--- START ---

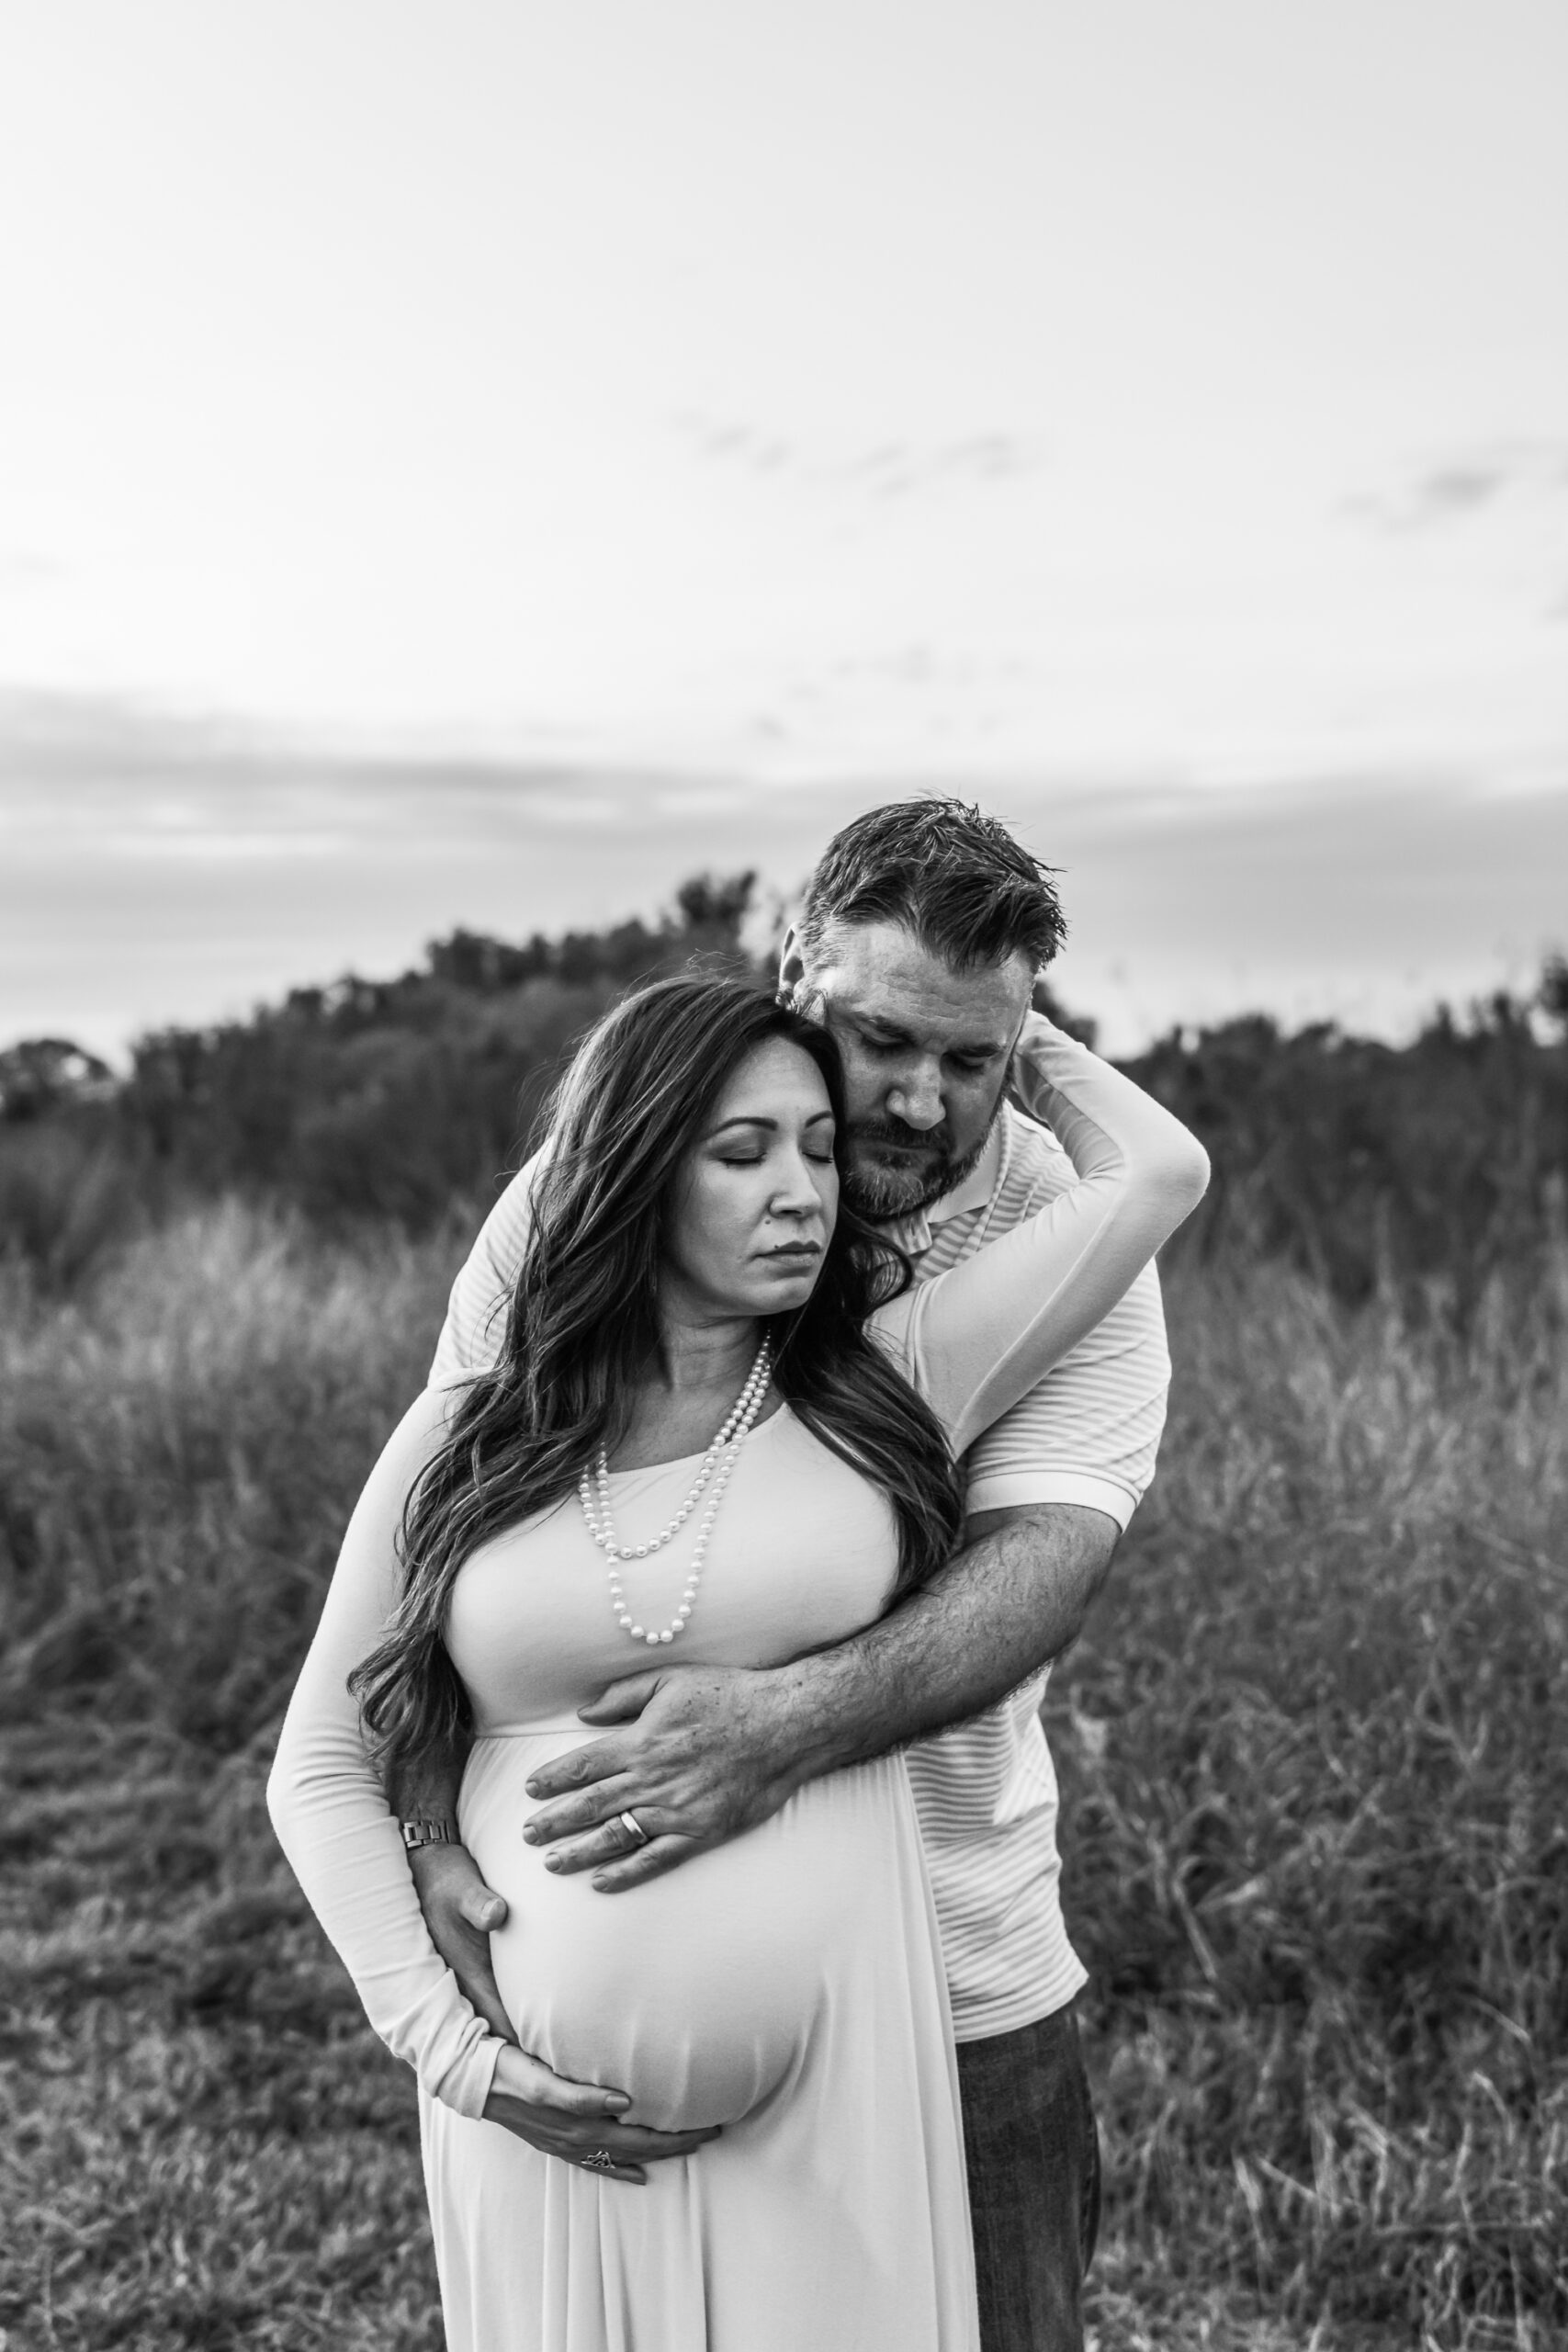 Allys photography capturing mom to be with her husband, dreaming about their growing baby while embracing each other in a field.
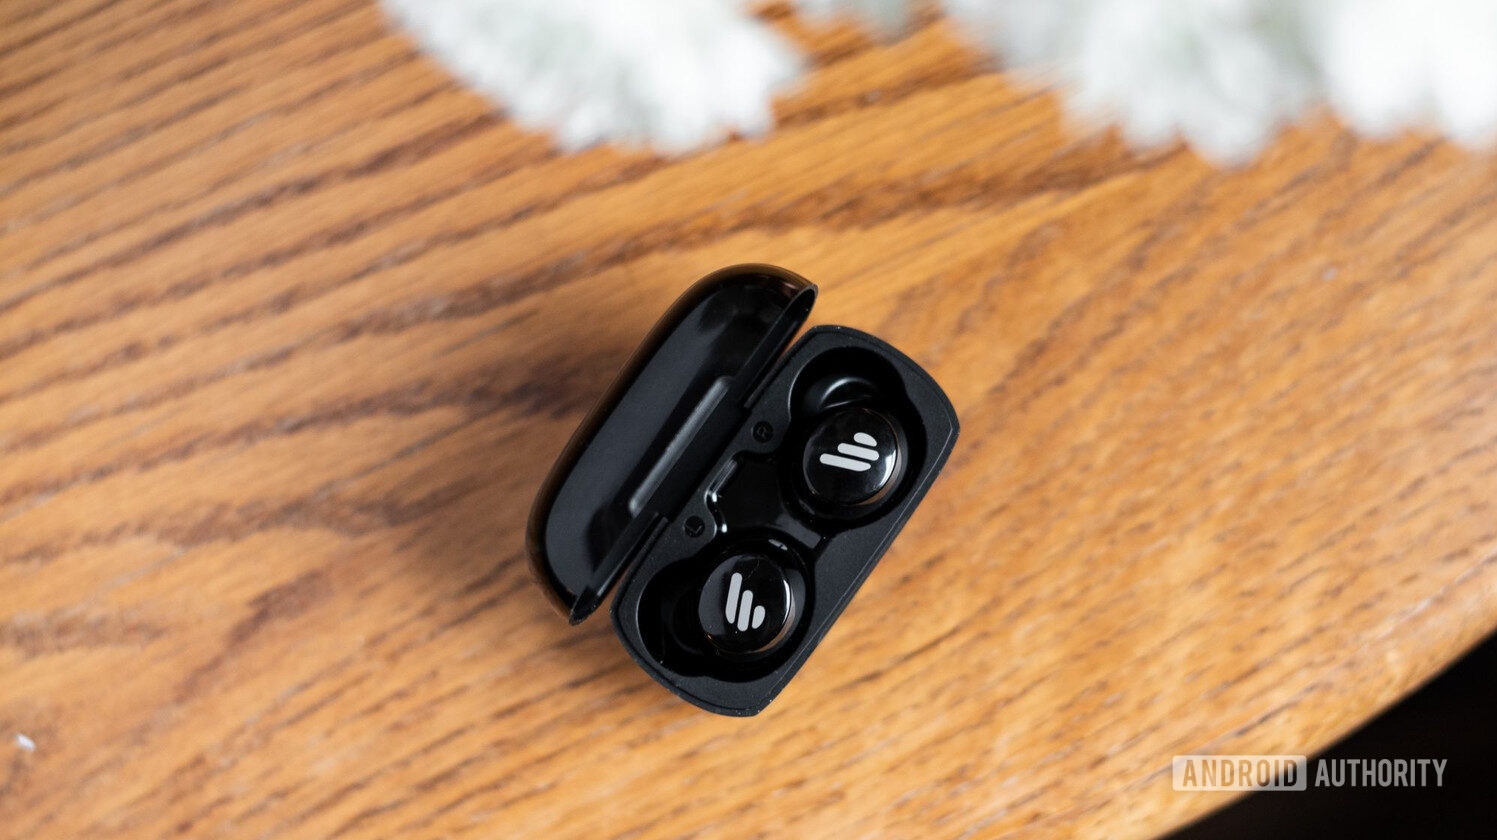 Why pay extra for expensive earbuds when cheap earbuds sound good enough?
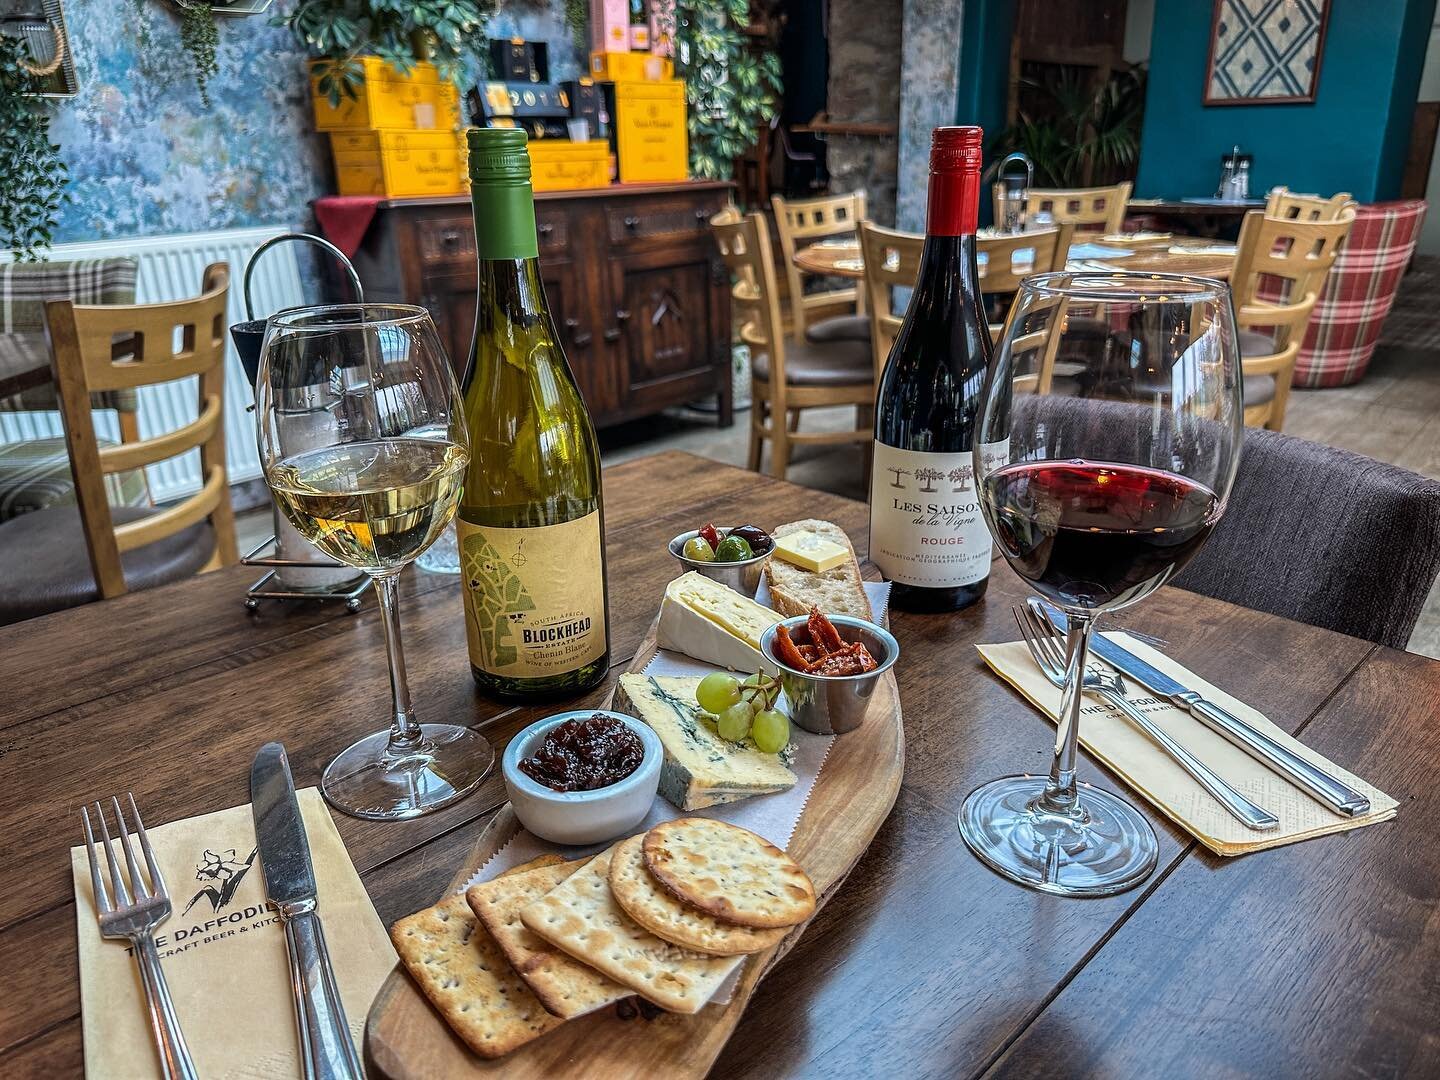 WINE WEDNESDAYS🍷🥳 @thedaffodilinn 
From 5-7pm

House red or white bottle &amp; cheese board for &pound;24.95. Wednesdays only!

Wine and friends are a great blend 😍.
Tag your favourite drink buddies 🎉

@lush.wines 

#winetasting #wine #wimewednes

--- END ---

- Problem requirements
Transcribe exactly, starting at the line with "House red or" and continuing through the last line of the data above; leave out all earlier lines.

- Completed task
House red or white bottle &amp; cheese board for &pound;24.95. Wednesdays only!

Wine and friends are a great blend 😍.
Tag your favourite drink buddies 🎉

@lush.wines 

#winetasting #wine #wimewednes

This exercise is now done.